A new study has introduced a new AI model that seems to solve the problem. Scientists — from the Department of Energy’s Pacific Northwest National Laboratory, Purdue University, Carnegie Mellon University and Boise State University — have intertwined three large databases of information about computer vulnerabilities, weaknesses and likely attack patterns.

This new framework, the scientists dubbed “Vulnerabilities and Weakness to Common Attack Pattern Mapping (VWC-MAP),” can automatically identify all relevant attack techniques of a vulnerability via weakness based on their text descriptions, applying natural language process (NLP) techniques.

Mahantesh Halappanavar, a chief computer scientist at PNNL who led the overall effort, said: “Cyber ​​defenders are inundated with information and lines of code. What they need is interpretation and support for prioritization. Where are we vulnerable? What actions can we take?”

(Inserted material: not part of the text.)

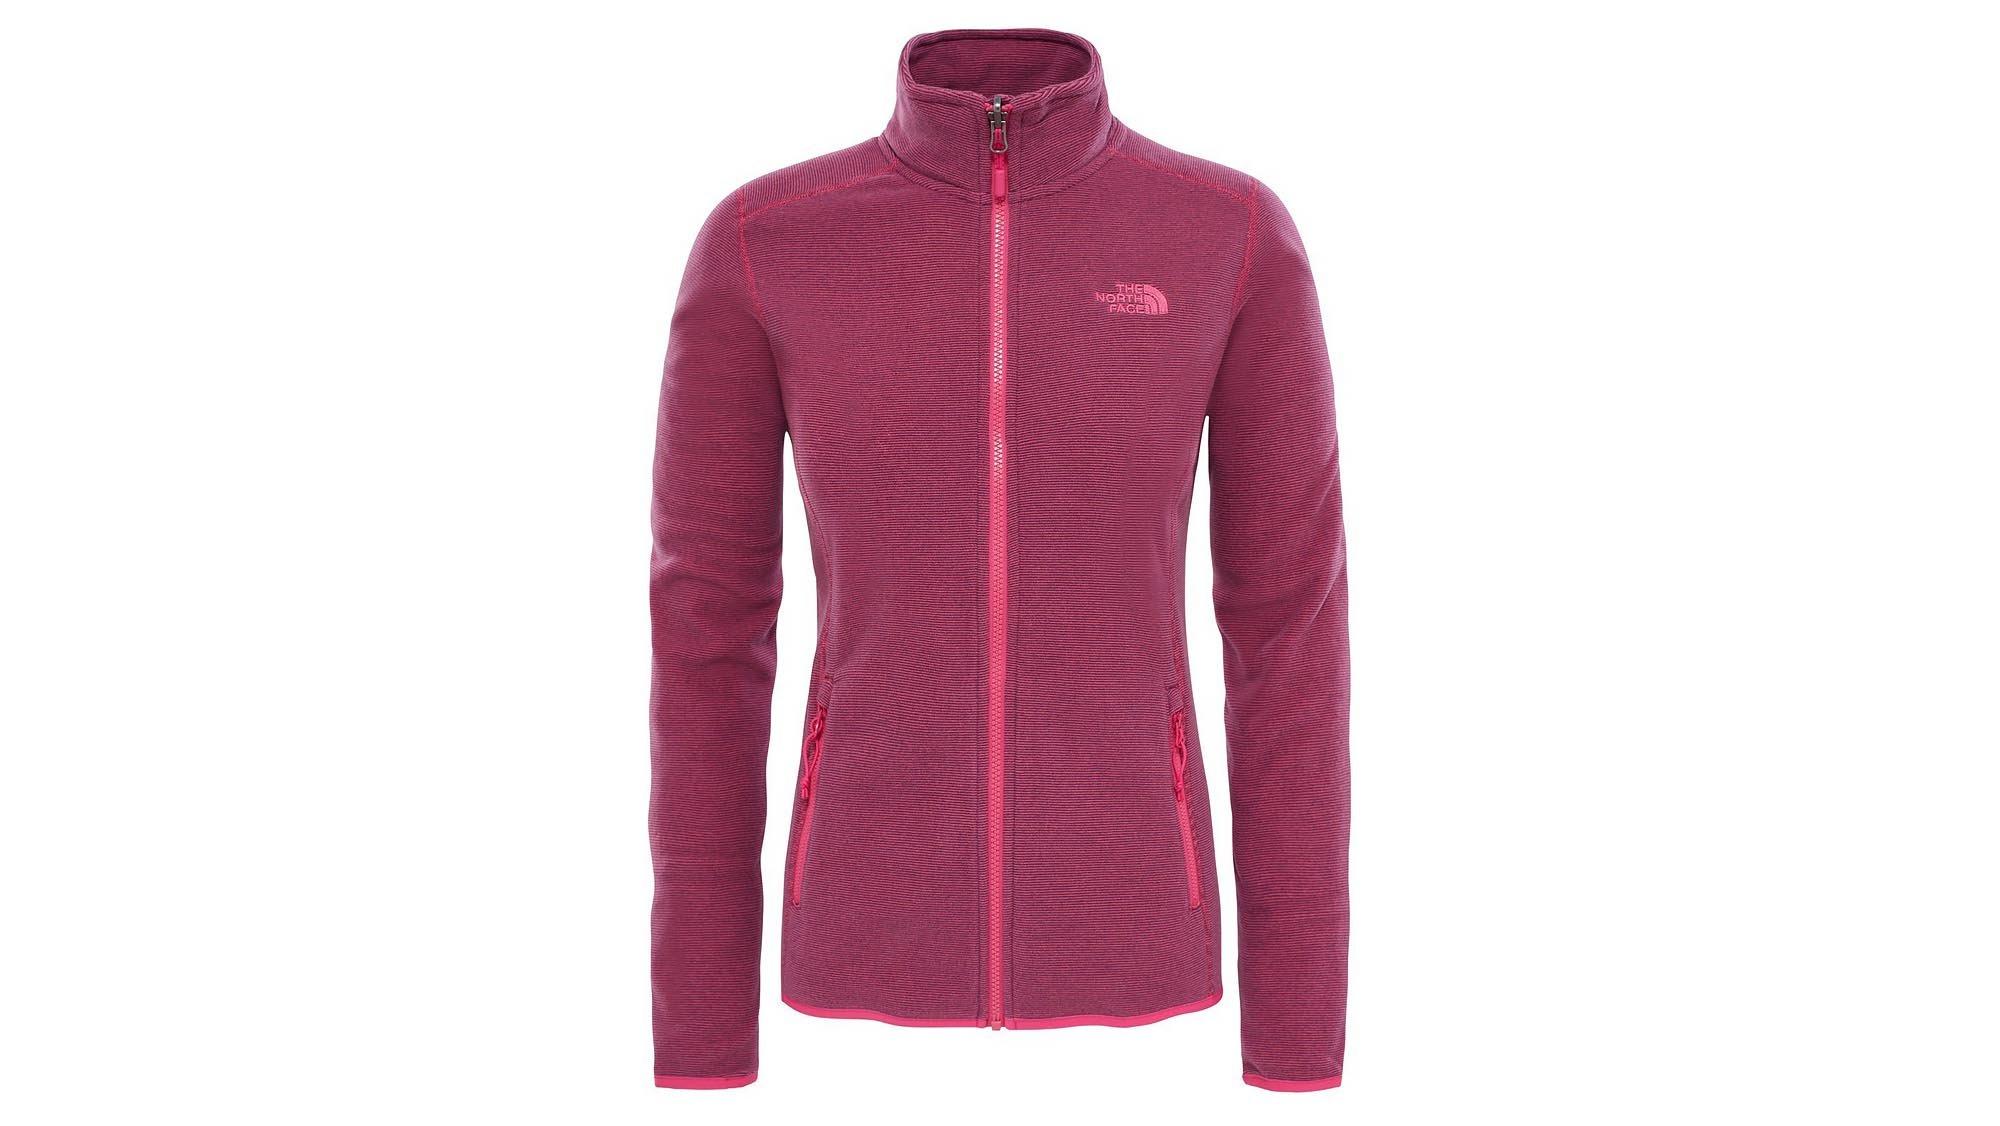 7175804db Best fleece jacket: Fend off the cold with the best fleece hoodies ...

“If you are a cyber defender, you could be dealing with hundreds of vulnerabilities every day. You need to know how they can be exploited and what you need to do to mitigate these threats. That’s the crucial missing piece. You want to know the implications of a bug, how it can be exploited and how to stop that threat.”

The model is powered by a new two-tier classification approach, where the first tier classifies vulnerabilities for weakness and the second tier classifies weakness for attack techniques.

Halappanavar said: “If we can categorize the vulnerabilities into general categories, and we know exactly how an attack proceeds, we can neutralize threats much more efficiently.”

The new model also extends the project to a third category: attack actions.

The team’s algorithm automatically correlates flaws with appropriate attack patterns with up to 80 percent accuracy and matches vulnerabilities with appropriate weaknesses with up to 87 percent accuracy. These results are far better than what can be achieved with current instruments, but scientists caution that further extensive testing of their new techniques is needed.

In this study, scientists also presented two new automated approaches: an auto-encoder (BERT) and a sequence-to-sequence model (T5) for mapping weakness-to-attack techniques by Text-to-Text and apply link prediction techniques. The first approach used a language model to associate CVEs with CWEs and then CWEs with CAPECs through a binary link prediction approach. The second approach used sequence-to-sequence techniques to translate CWEs into CAPECs with intuitive cues for ranking the associations.

The approaches yielded very similar results, which were then validated by the team’s cybersecurity expert.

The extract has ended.